# citrus herb tilapia



## jerkyaddict (Feb 16, 2008)

easy fish here thin fillets i started with just over 1lb of fish...only smokin for two here , well more like2 and a1/2 cause pup will eat certain fishes 
my basic brine for this dish is 1/2 cup rice vinegar , 1/8 cup kosher sea salt, juice 1 small lime and save half's to throw in as well....three qt's water cold preferably...and herbage , i cut fresh herbs with scissor's so i measure like poop i'd guess a few tbsp of each of the following , tarragon , chervil , dill , and a few whole sprig's of thyme....and then 4 tbsp of old bay seasoning.....look's like this in the soak..

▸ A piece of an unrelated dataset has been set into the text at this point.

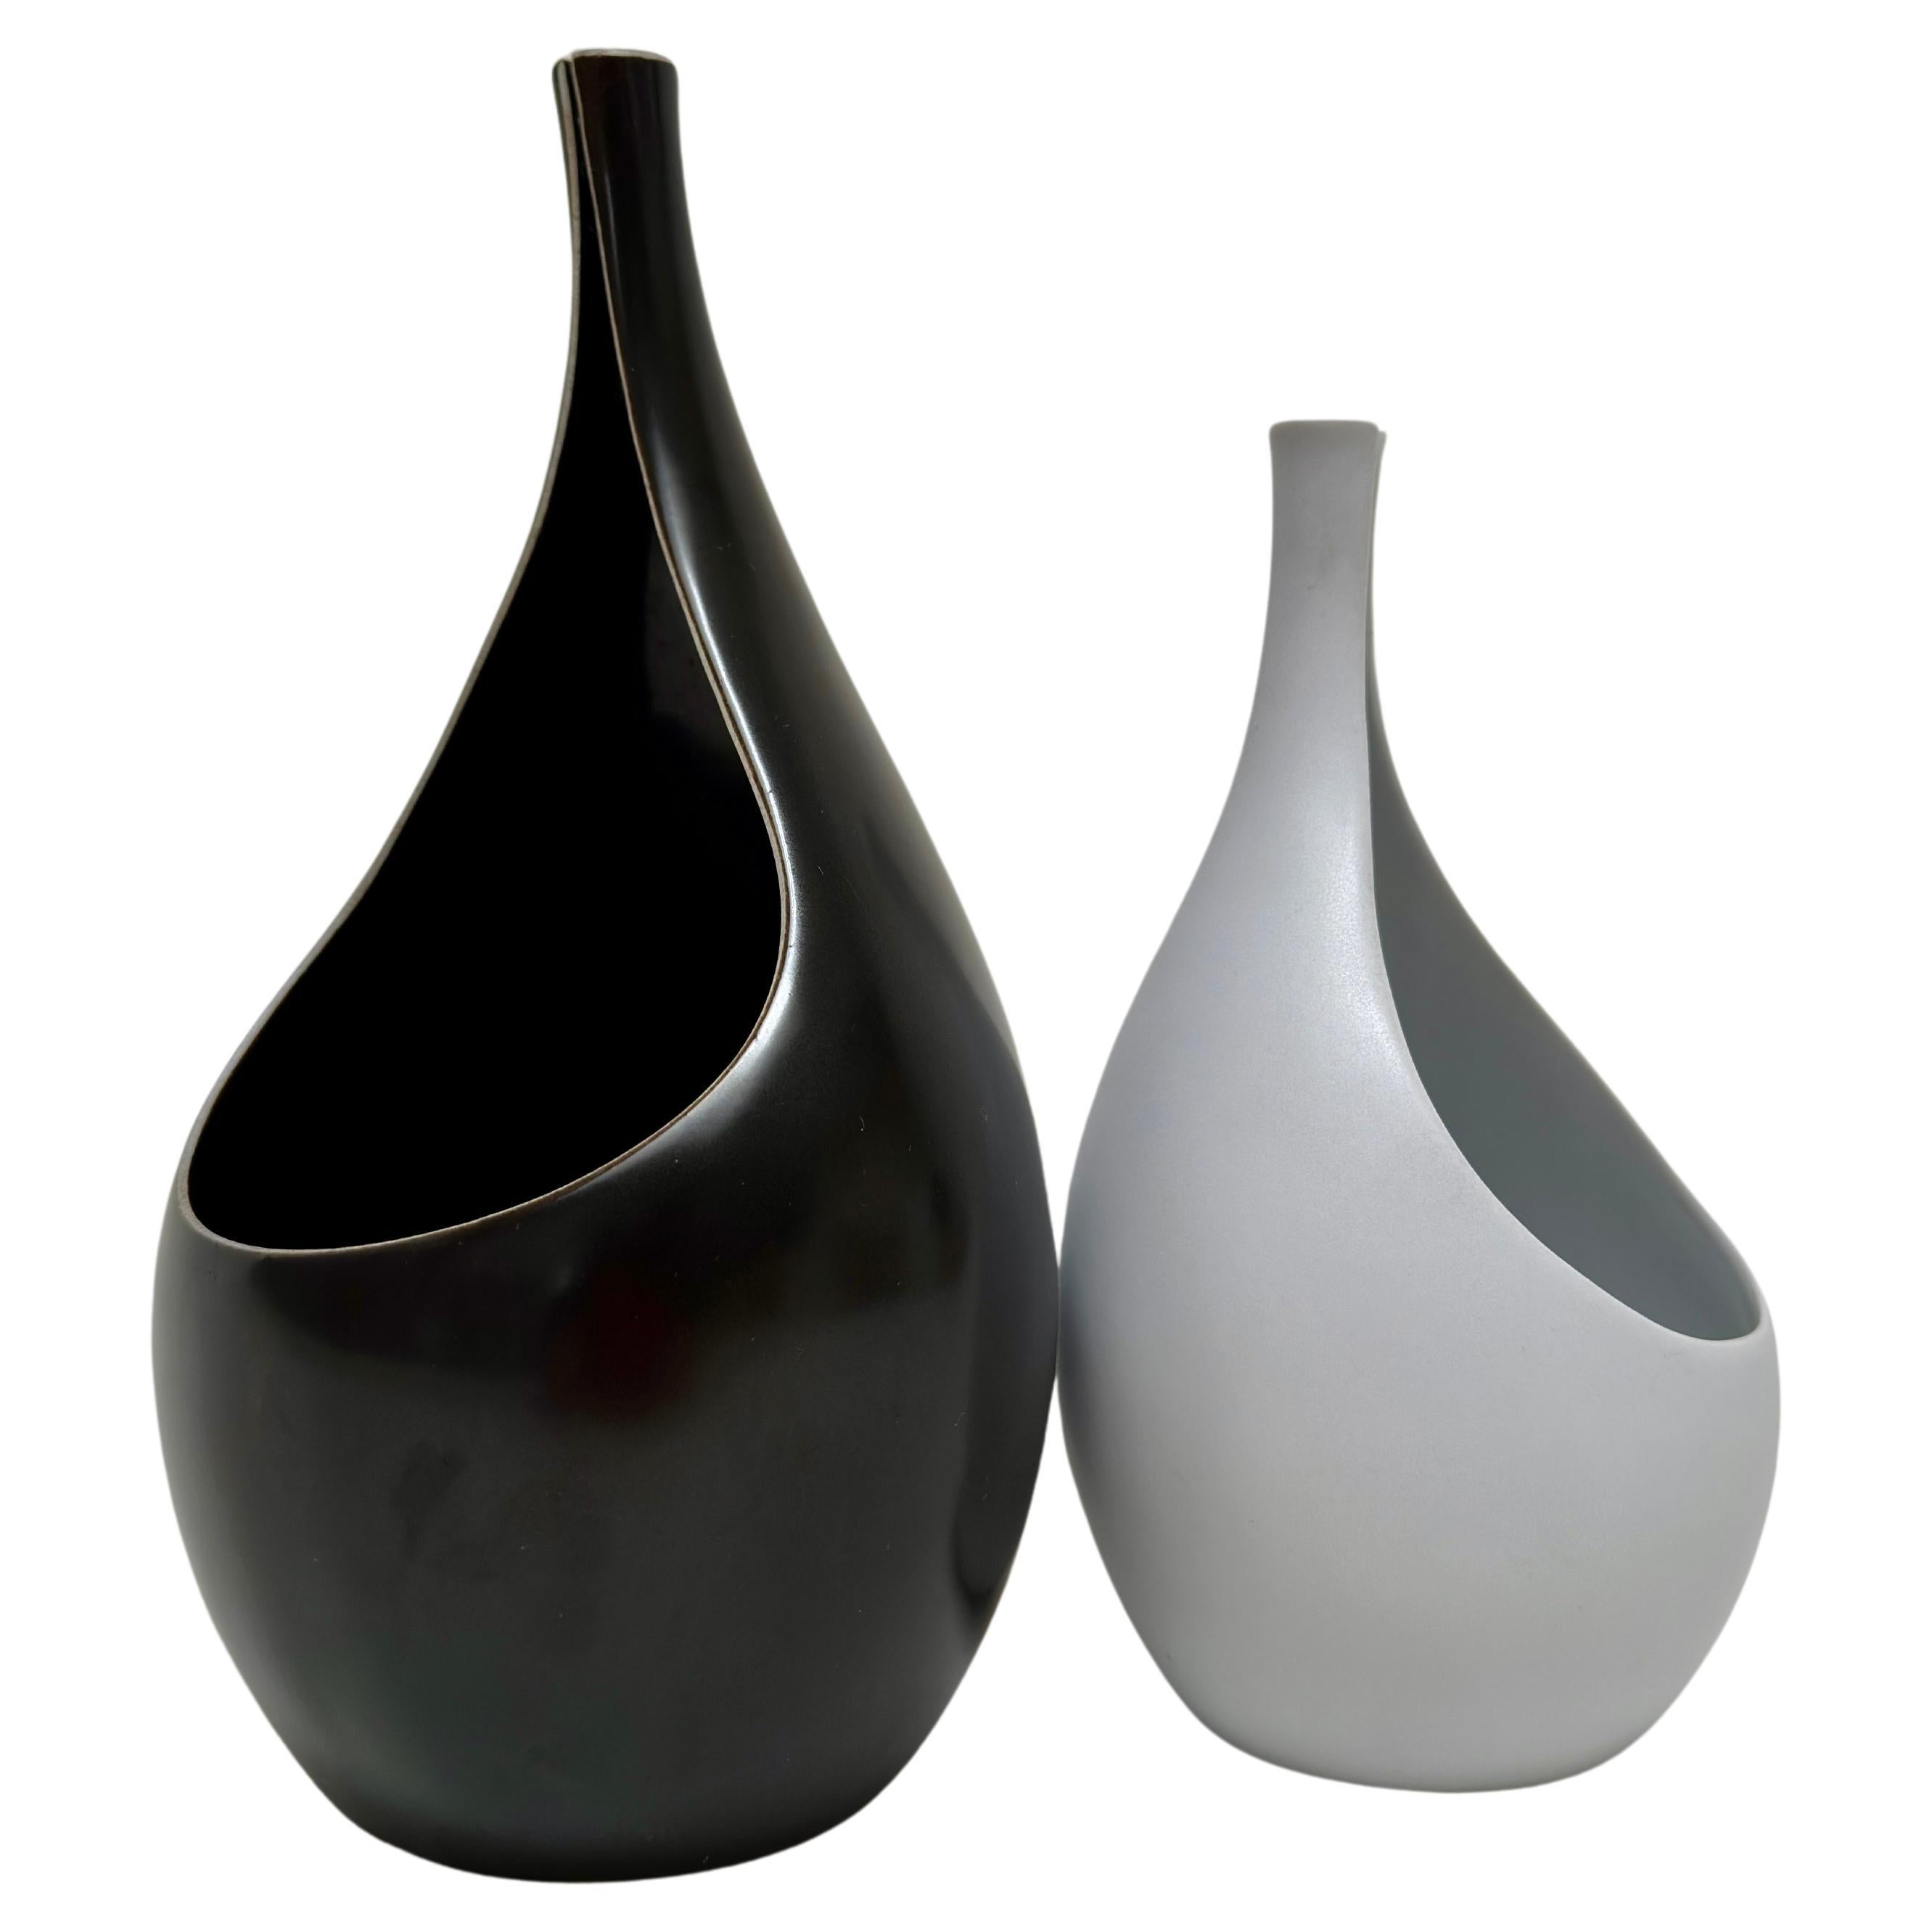 2 Pungo Vases, Stig Lindberg, Gustavsberg c. 1960 For Sale 1

i gave it a few hour's to absorb the flave's and the vinegar you'd think made it sour......but no !!! it help's kick the lime in better.


----------



## jerkyaddict (Feb 16, 2008)

after the soak a towel dry and a super light coat of grapeseed oil.....then i sived the herb's from the soak to replant along with 1 zested lemon remember both sides count...looked like this before the in time...


----------



## jerkyaddict (Feb 16, 2008)

i did a few skewer's of shrimp and pineapple too , but do i post with or on other thread ???? anywho i'ma vert smoker for now sow my rack water was made the same as the brine.....but without the salt...i guess the next step would be to show the sweet and spicey smoked scrimp's right ??
simple no brine shrimp......washed dried . thinned 1/8 cup honey with 1/8 cup rose wine.....to make sticky , then dusted with mccormick grill mates sea food rub.....with pineapple chunk's between to seperate the meat...


----------



## jerkyaddict (Feb 16, 2008)

all ready to go in the box.......i have no fruit wood's on hand so i did one chunk hickory , and one chunck mesquite to start.......first cook on modded coal plate......i was scared a lil.......but after a lil over an hour at aroundish 225-240 temp we got some sweet and spicey grub's on

and the scrimp's

so i got two thumb's and one paw up...tasty din-din's woohooo


----------



## jerkyaddict (Feb 16, 2008)

sorry guy's and gal's i have not mastered the short version of the qview as of yet so it's a long read...


----------



## pitrow (Feb 16, 2008)

Dang... that's makin me hungry!!! Good Q-vue!


----------



## jerkyaddict (Feb 16, 2008)

thank's pit like i said i was a tad skiddish about the new mod , but it all worked out......thanking the smoke god's for a modding accomplished....


----------



## cowgirl (Feb 16, 2008)

jerkyaddict, that looks awesome!
Thanks for the great Qview.


----------



## jerkyaddict (Feb 16, 2008)

thank's cowgirl wish i had some to share cause this has been the best non land meat dinner come from the modded brink yet !!!!! i wanna stay up all night and make something else........damn the day job . lol


----------



## jerkyaddict (Feb 16, 2008)

thank's tex............it's nice to be accepted with so many cook's on hand....


----------



## cowgirl (Feb 16, 2008)

I've got the shrimp and tilapia in my freezer, when the weather warms up a bit I'm gonna give this a try.
I'm fond of non land meat dinners too.


----------



## richoso1 (Feb 16, 2008)

Good smoke my friend. Tilapia is one of my favorite fish, it has a delicate and light texture to it. Thanks for the Q View.


----------



## jerkyaddict (Feb 16, 2008)

just sooo happy to share rich......i have picked up alot of tip's from here , and plan to give as much as i know back !!!!!


----------



## crockadale (Feb 19, 2008)

Tilapia is on sale right now at Wally World and I don't care what shrimp cost, I'll be doing this meal this week. Nice job jerkyaddict.


----------



## packplantpath (Feb 19, 2008)

Looks great man.  May have to try that one, though it seems a waste to light the charcoal for just a short smoke.


----------



## striding man (Feb 20, 2008)

Way to go, jerkyaddict.
	

	
	
		
		



		
		
	


	





  That looks yummmmmmy!!


----------



## bustedluckbarbq (Feb 20, 2008)

Good lookin' smoke!! Talapia is a great dinner!! Great lookin' job!!


----------



## allen (Feb 20, 2008)

Hey Jerkyaddict, Excellent QVues, I love fish and shrimp, if u don't mind I'd like to use them?


----------